The Deputy Minister of International Relations, Marius Fransman, said a social pact between organised agriculture, farmworkers and the government - based on improved human rights in agriculture - was necessary.
This, while the Minister of Trade and Industry, Rob Davies, told farmworkers that South Africa would push to label its export produce as 'ethically produced'.
In a dialogue session led by the Deputy President Kgalema Motlanthe, farmworkers told government ministers about concerns over evictions, deductions made by farmers to their take-home pay and the increasing number of foreign nationals who were working on farms in the region.
Western Cape Cosatu secretary Tony Ehrenreich said about one million farmworkers have been evicted since 1994 because of a failure for farmers to work together with workers.
Ehrenreich said authorities had to take measures against the threat of some farmers who, he said, were evicting or sacking workers to spite the new minimum wage agreed to by farmers, workers and the government.
During a dialogue session earlier on Tuesday, farmers raised concerns about how the sector would remain competitive with the gazetting last week of the R105 minimum wage a day for farmworkers, and called on tariff increases and incentives to protect the sector.

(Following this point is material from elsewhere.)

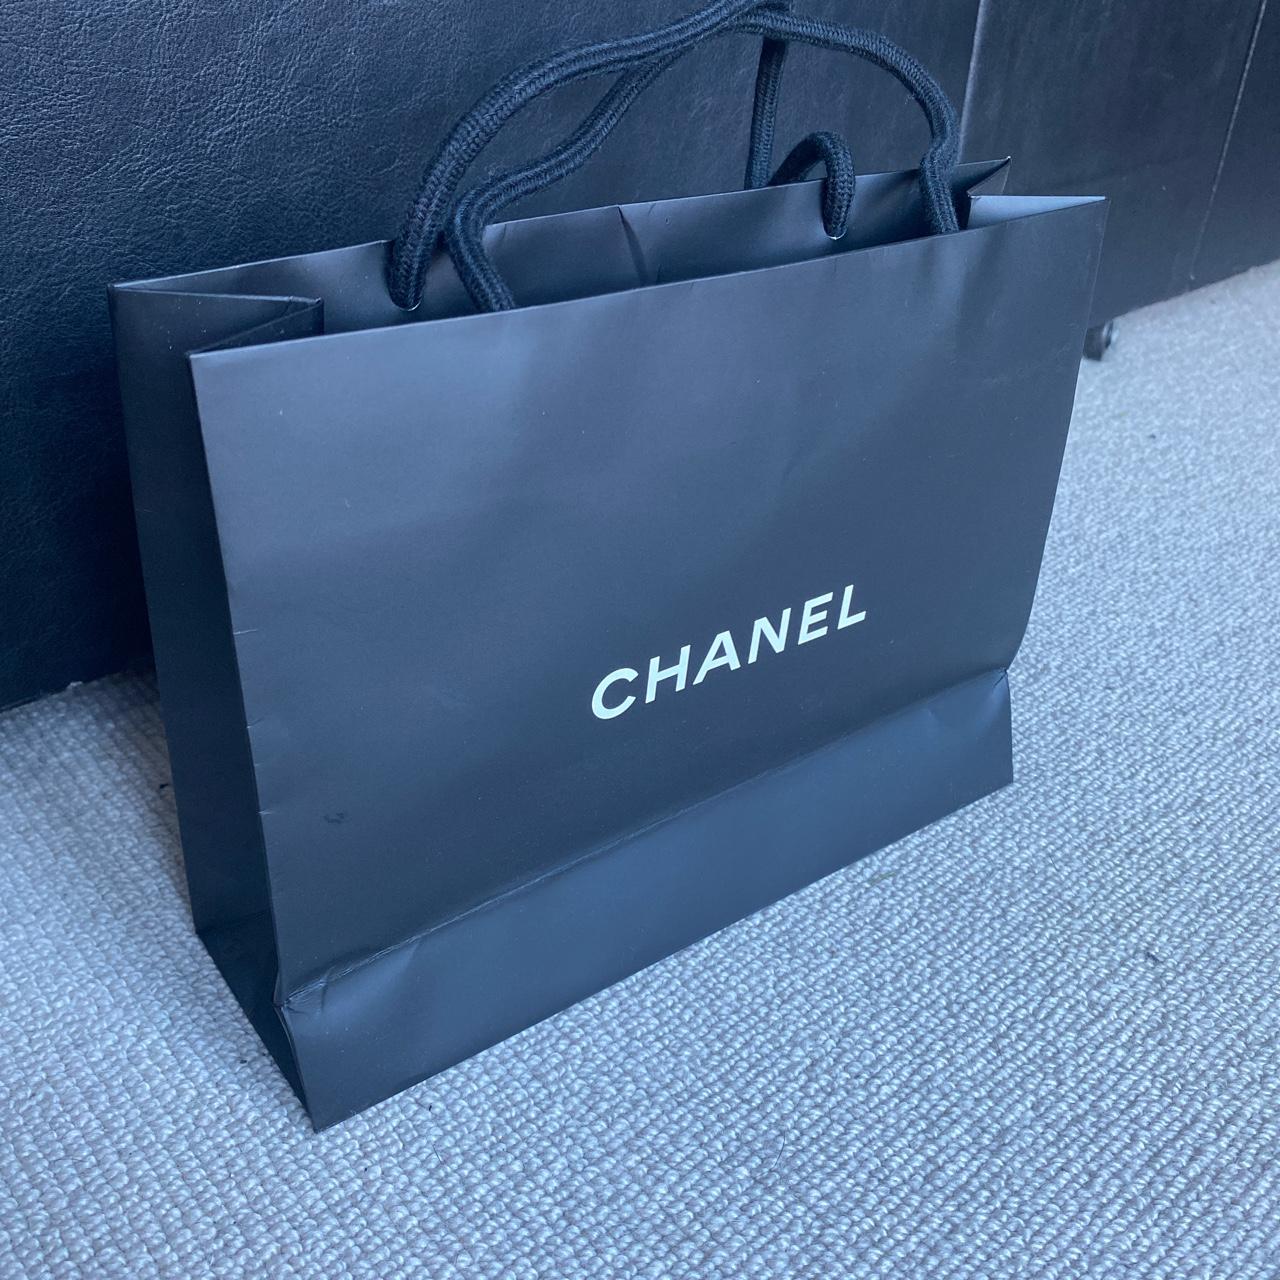 Chanel Gift Box & Bag Perfect to use for a gift, - Depop

Speaking to farmworkers at the dialogue, the Minister of Agriculture, Forestry and Fisheries, Tina Joemat-Pettersson, said any assistance that is offered to farmers, such as tax incentives or funding, would be linked to improving conditions for farmworkers.
The sector needed forums and even collective bargaining to ensure that farmworkers and farmers are able to sit around the same table.
She called on farmworkers to report any victimisation, including evictions, to authorities.
Violence in strikes was not the way to go as it would only see people lose respect and support for farmworkers, she said.
Western Cape MEC for Agriculture, Gerrit van Rensburg, also urged farmworkers to abide by the law and to report any incidents of crime to the nearest authorities.
For farmworkers wanting to report evictions, the Minister of Rural Development and Land Reform, Gugile Nkwinti, urged them to phone the department's toll free number 0800 007 095.
He also urged land claimants to submit applications for land claims as soon as possible, after President Jacob Zuma last month re-opened the land claims process.
The Department of Rural Development and Land Reform was also busy compiling a manual to assist applicants to make land claims, Nkwinti said.